Cannabis World Congress & Business Exposition: What we learned

Last week, the Surna team traveled to Los Angeles to attend the Cannabis World Congress & Business Exposition. This was our first year exhibiting at this show and we met a lot of great people and attended some interesting talks regarding hot topics in the industry.

September 21, 2017

Last week, the Surna team traveled to Los Angeles to attend the Cannabis World Congress & Business Exposition. This was our first year exhibiting at this show and we met a lot of great people and attended some interesting talks regarding hot topics in the industry.

Because the show took place in LA, California’s upcoming adult-use market was a great topic of discussion. We were fortunate to meet and talk with many cultivators who are beginning the process of becoming licensed producers. Regulations are beginning to take shape in California but there are still questions about what those will entail. For California specifically, the topics of biosecurity and the energy intensive nature of cannabis cultivation are top of mind.

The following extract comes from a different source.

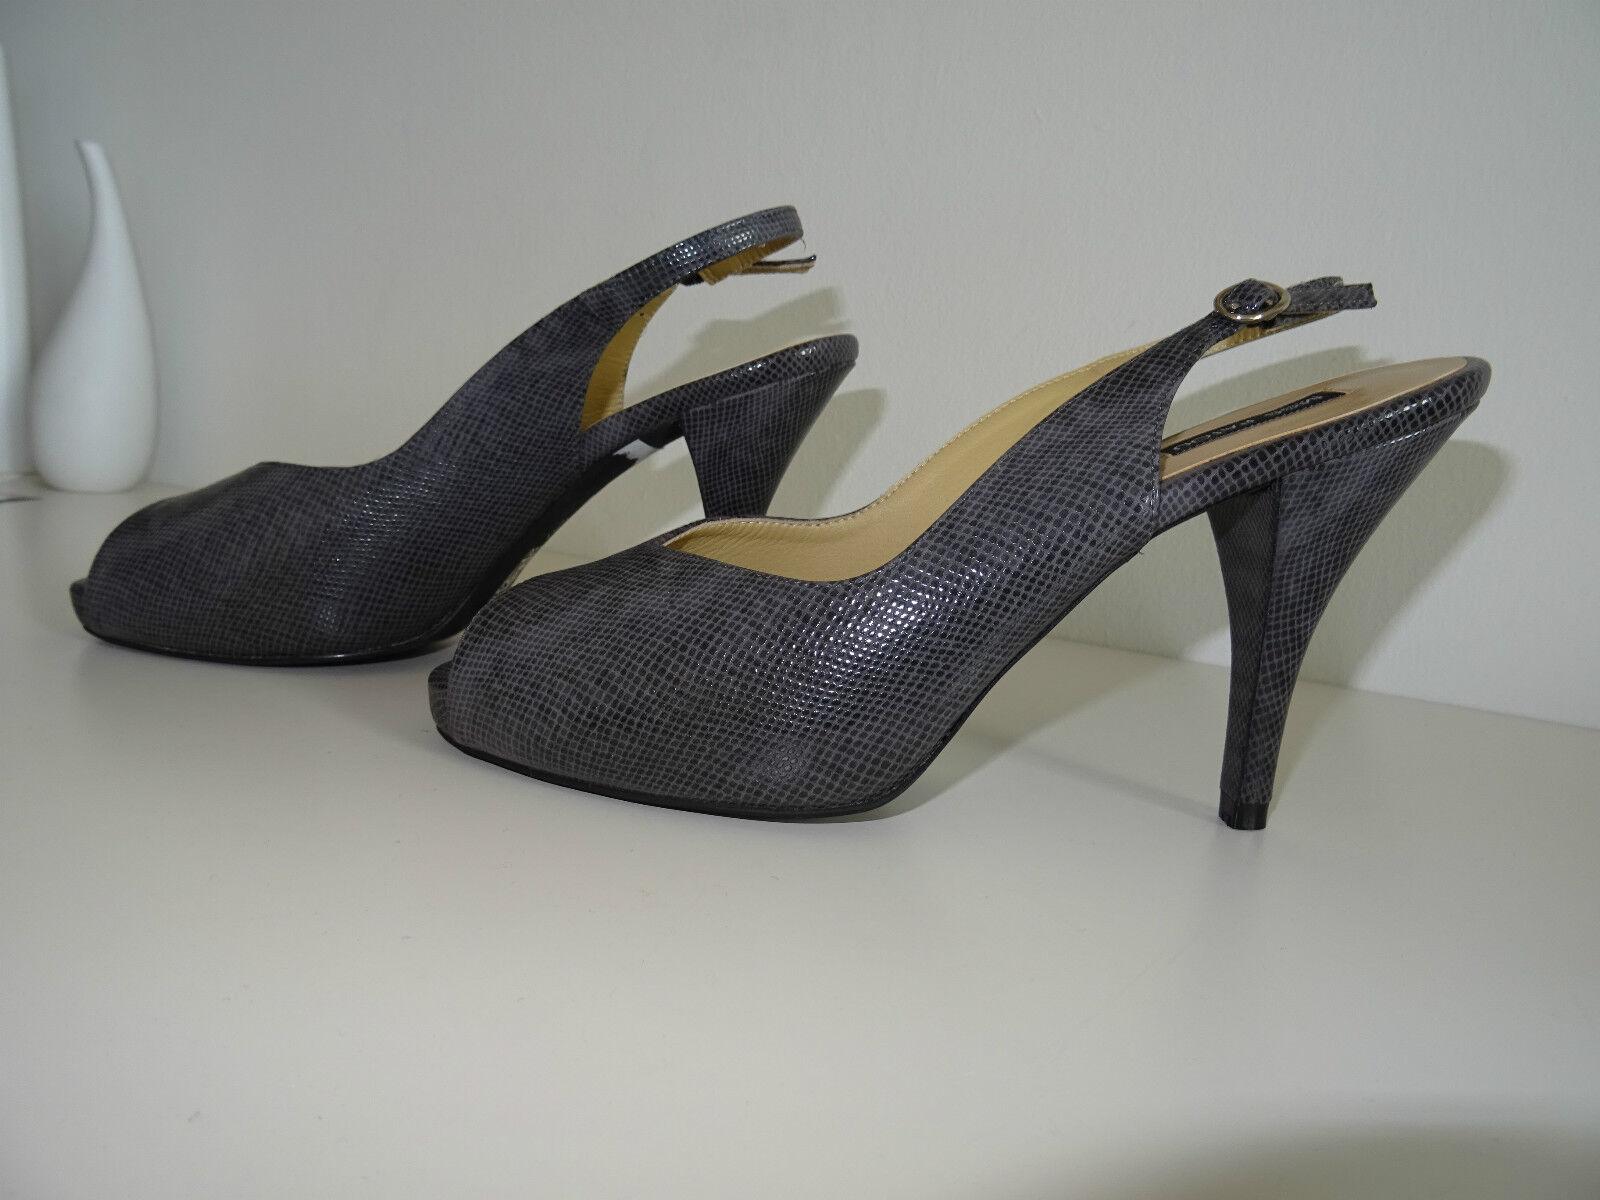 Neu Miss Patou Slingpumps Peeptoes Schuhe Gr.37 Grau Schlangenoptik

 California has traditionally regulated industry quite closely and so it is likely that the final regulations will require strict testing on all cannabis products. Traces of certain chemicals, like pesticides and fungicides, as well as mold and fungus will cause crops to fail testing, forcing cultivators to destroy their product and costing them profits. Many of those setting up new facilities are already thinking about how to best handle this potential roadblock and so many of our conversations in LA centered around our biosecurity offering because of the comprehensive nature of it. Our solution is tailored to the specific facility we are working with so we begin the process by assessing risks for the region and for the facility environment. Once areas of improvement are identified, we then incorporate equipment and protocols to prevent and/or treat biosecurity issues. Our depth of understanding made for some great conversations with people who are thinking of ways to ensure they don’t fail testing.

 The other hot topic we found ourselves talking about was how to create a more efficient indoor facility. Many of those we spoke with were planning on building in southern California where the only real choice for cannabis cultivation is indoors. This creates a concern around energy usage as California already struggles to meet the electrical needs of its 40 million citizens. In fact, drafted legislation currently mandates that indoor cultivation facilities receive 42% of their power from renewables. So, as one can imagine, energy efficiency is a serious concern for those interested in setting up shop. At Surna, we’ve been designing efficient systems for a decade, with over 700 projects completed. Our technology uses significantly less power than a traditional HVAC system. Inherent in the design of our system is the option to use less equipment to create the same output, which means less renewables needed and minimized operating costs—all of which California growers can appreciate.

 Energy efficiency is such a staple of our business that our own co-founder and Senior Technical Advisor, Brandy Keen, was invited to speak about it at CWCBE. Ultimately, a high return on investment comes from growing the healthiest plants at the smallest cost, so efficiency should always be top of mind in a cultivation facility. Because Surna has been in this industry for over a decade, we’re experts in the various ways facilities can achieve this. Brandy explained the top 5 things to consider when designing an energy efficient facility. First, cultivators should consider rebates when choosing equipment. Many utility companies offer these for facilities that utilize energy efficient technologies, like the Surna system. The second thing to consider is what type of climate control technology to employ as it is estimated that as much as 51% of facility electrical infrastructure is dedicated to it. Depending on a cultivators’ goals, there are multiple options for climate systems, ranging from less efficient to most efficient. At Surna, we are the experts on climate control and help our clients choose the best system for their facility and operating cost targets. The third thing cultivators should consider is how to optimize their process so that they reduce power consumption during peak hours when energy is more expensive. Running a facility on a flip schedule is a great way to do this because it reduces peak energy levels and our Surna chilled water system allows us to do this easily and reduce up-front capital expenses at the same time. The fourth thing to consider is water usage. For many in California in particular, obtaining enough water for cultivation will be a hurdle. Fortunately, controlled environments like a Surna system make condensate reclamation easy, offering cultivators “free” water over and over and reducing the burden on the city or county to provide enough water. Finally, Brandy explained how choosing the correct lighting can help efficiency. While total consumption is key, cultivators should also consider umols produced per watt as this is the true measurement of efficiency. Brandy explained that, at this point, cultivators should only use double-ended, Plasma and LEDs that are designed in the best spectrum for the cannabis plant.

 Overall, CWCBE was a great experience. As always, it was wonderful to meet many of you and learn about your future endeavors. We love being a part of this growing industry and sharing our expertise with dreamers like us.